In the years gone past, each government had tried to work with its own guidelines and different legislation in the statute books, which had resulted in uncoordinated activities in the sector and a myriad of problems associated with the provision of housing.

She was speaking in an interview after addressing this year’s ‘Conference for Housing Excellence’ held in Accra. It was organised by the Ghana Institute of Housing and other major stakeholders.

It was on the theme, “Building the right infrastructure and inter-agency partnerships to create a robust and sustainable housing environment.”

 

Lack of Policy

On how the lack of a policy had affected the country, Architect Athiabah said “because the housing policy is meant to advocate partnership around government, private sector and international partners to move the social housing, its absence delayed pragmatic efforts to solve the housing deficit.”

“Each of us has our role. It is government’s role to develop policy but it is the role of the housing professionals (architects, engineers, surveyors etc.) to be aware of what is in the document and see how we can practicalise it,” she said.

“Ghana does not have a housing policy that has been signed and approved.
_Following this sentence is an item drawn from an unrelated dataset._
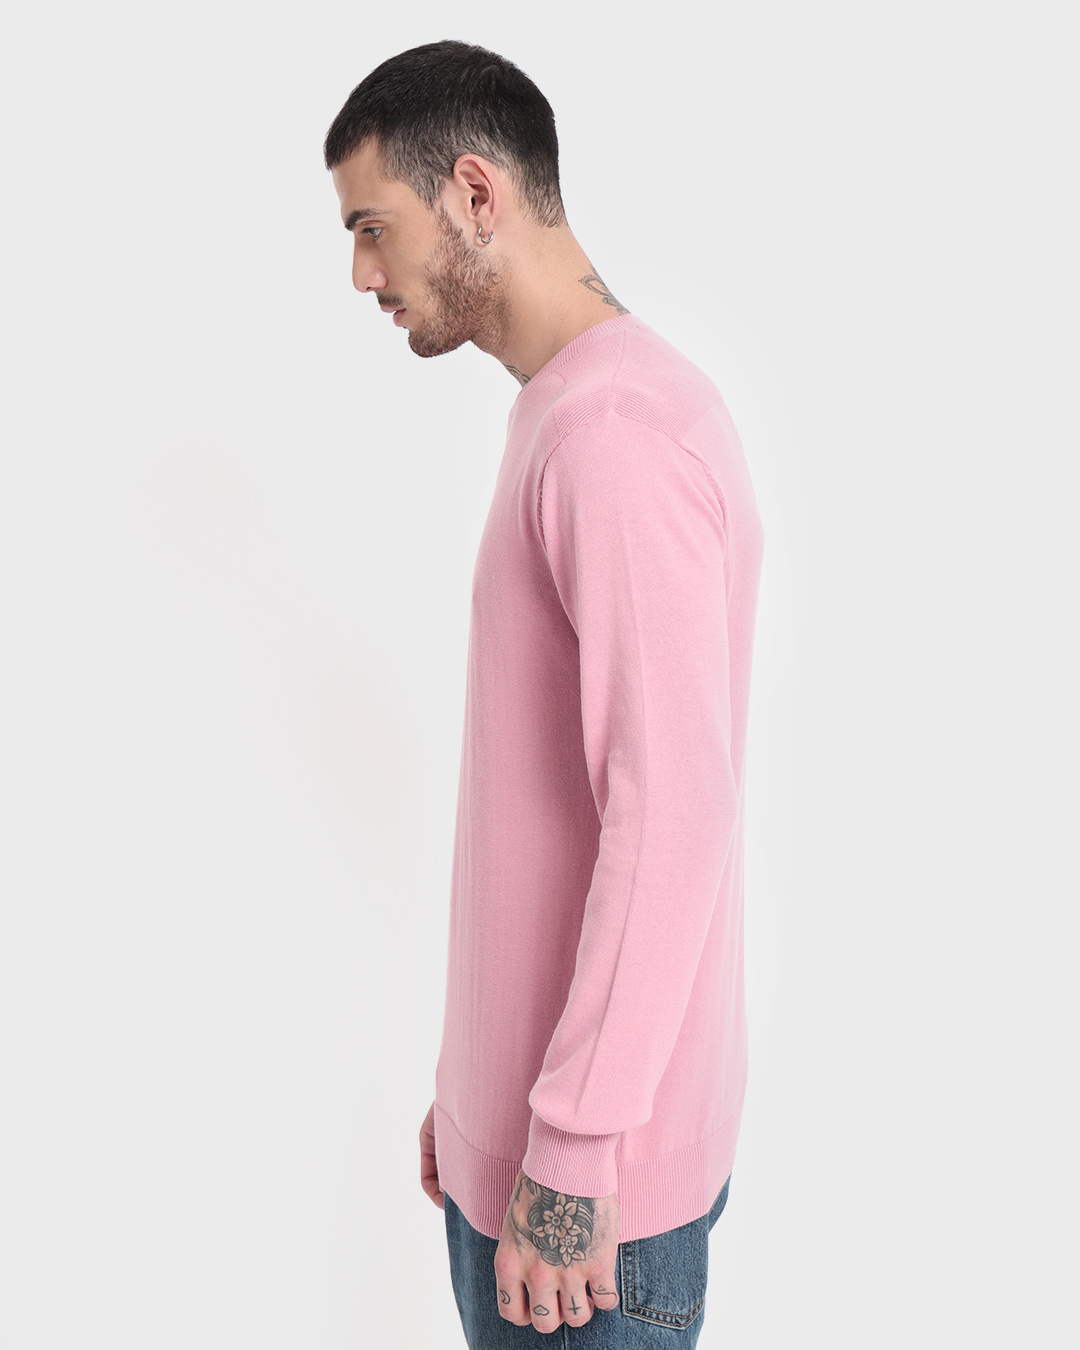 Shop Men's Pink Sweater-Back

What we have been doing all along, as someone mentioned earlier, is that the housing policy is in people’s minds,” Stella Athiabah added.

Earlier in a speech on the need for strategic partnerships and identifying the role and responsibilities in reshaping the housing sector, Mrs Athiabah called for a partnership among all stakeholders which would involve private, public and voluntary efforts.

 

Mr Ashigbey

Mr Kenneth Ashigbey, Managing Director, Graphic Communications Group Limited, asked stakeholders in the housing sector to court the media to ensure they understood and communicated the right information, as well as the problems of the housing sector to the public.

“We have a very critical power to be able to address it because that is something that touches everybody, and you will need everybody involved in finding a solution to the problem,” he said.

Professor Sam O. Afram, Head of Department, College of Architecture and Planning, Kwame Nkrumah University of Science and Technology, disclosed that Ghana and four other African countries – Nigeria, Uganda, Kenya and South Africa- had been selected for a pilot of ‘Housing Centres of Excellence,’ and that US$90,000 had already been provided for Ghana’s project to take off.